- Film poster
- Directed by: Christian Vincent
- Written by: Christian Vincent
- Produced by: Matthieu Tarot
- Starring: Fabrice Luchini Sidse Babett Knudsen
- Cinematography: Laurent Dailland
- Edited by: Yves Deschamps
- Music by: Claire Denamur
- Production companies: Albertine Productions France 2 Cinéma Gaumont
- Distributed by: Gaumont Distribution
- Release dates: 6 September 2015 (Venice); 18 November 2015 (France);
- Running time: 98 minutes
- Country: France
- Language: French
- Budget: $7.3 million
- Box office: $7.5 million

= Courted (film) =

2015 film

Courted (L'Hermine) is a 2015 French drama film directed by Christian Vincent.

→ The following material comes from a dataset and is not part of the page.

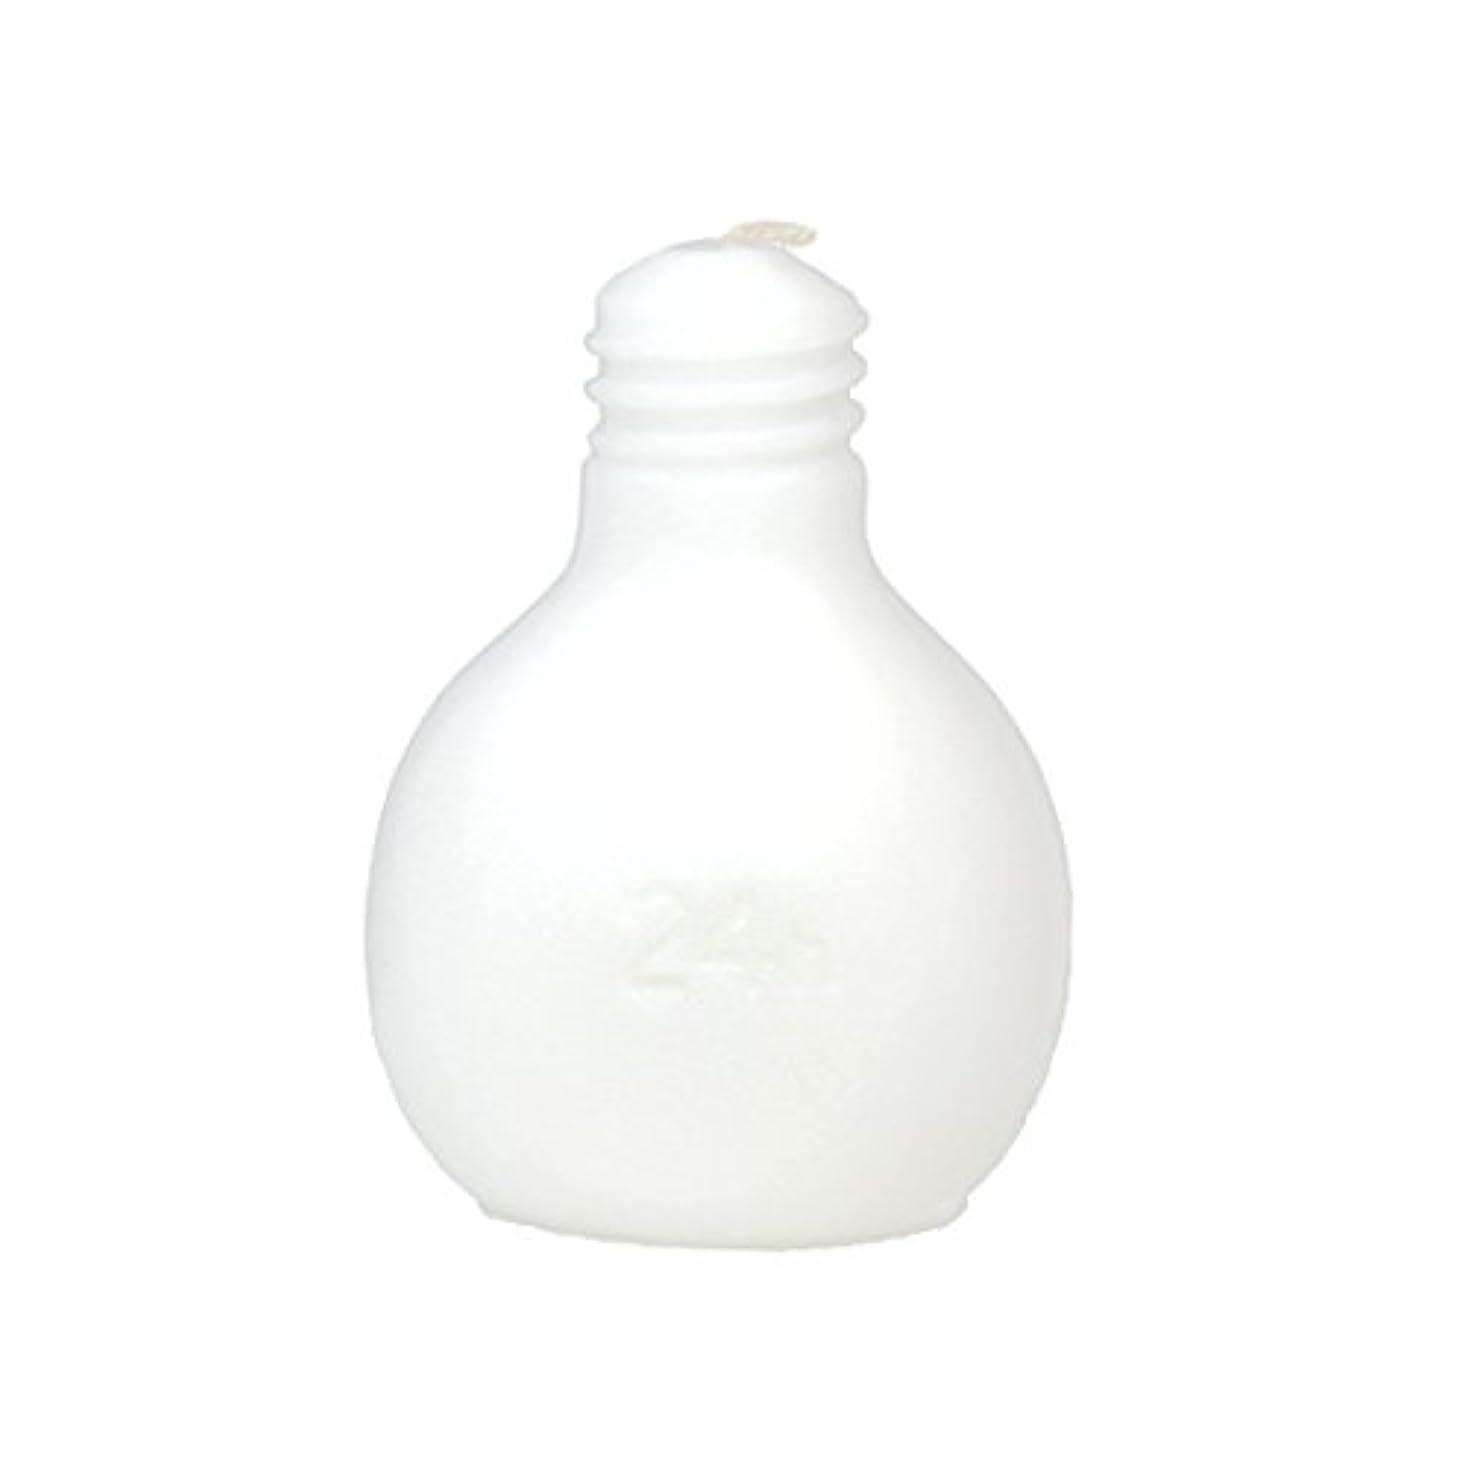 カメヤマキャンドルハウス 節電球キャンドル  ホワイト

It was screened in the main competition section of the 72nd Venice International Film Festival where Fabrice Luchini won the Volpi Cup for Best Actor. At the
41st César Awards, Sidse Babett Knudsen won the César Award for Best Supporting Actress.

== Plot ==
Michel Racine is a feared president and judge of Assize Court, as strict with himself as with others. Everything changes when he meets Ditte when she's selected as a juror in a criminal trial over which he presides.

==Cast==
- Fabrice Luchini as Michel Racine
- Sidse Babett Knudsen as Ditte Lorensen-Coteret
- Raphaël Ferret as Lieutenant Massimet
- Miss Ming as Jessica Marton
- Corinne Masiero as Marie-Jeanne Metzer
- Marie Rivière as Marie-Laure Racine
- Michaël Abiteboul as Lawyer Jourd'hui

==Accolades==

| Award / Film Festival | Category | Recipients and nominees | Result |
| César Awards | Best Actor | Fabrice Luchini | Nominated |
| Best Supporting Actress | Sidse Babett Knudsen | Won |
| Lumière Awards | Best Film |  | Nominated |
| Best Actor | Fabrice Luchini | Nominated |
| Venice International Film Festival | Best Actor | Fabrice Luchini | Won |
| Best Screenplay Award | Christian Vincent | Won |
| Golden Lion |  | Nominated |

== Reception ==

On Rotten Tomatoes, the film has an aggregate score of 91% based on 10 positive and 1 negative critic reviews.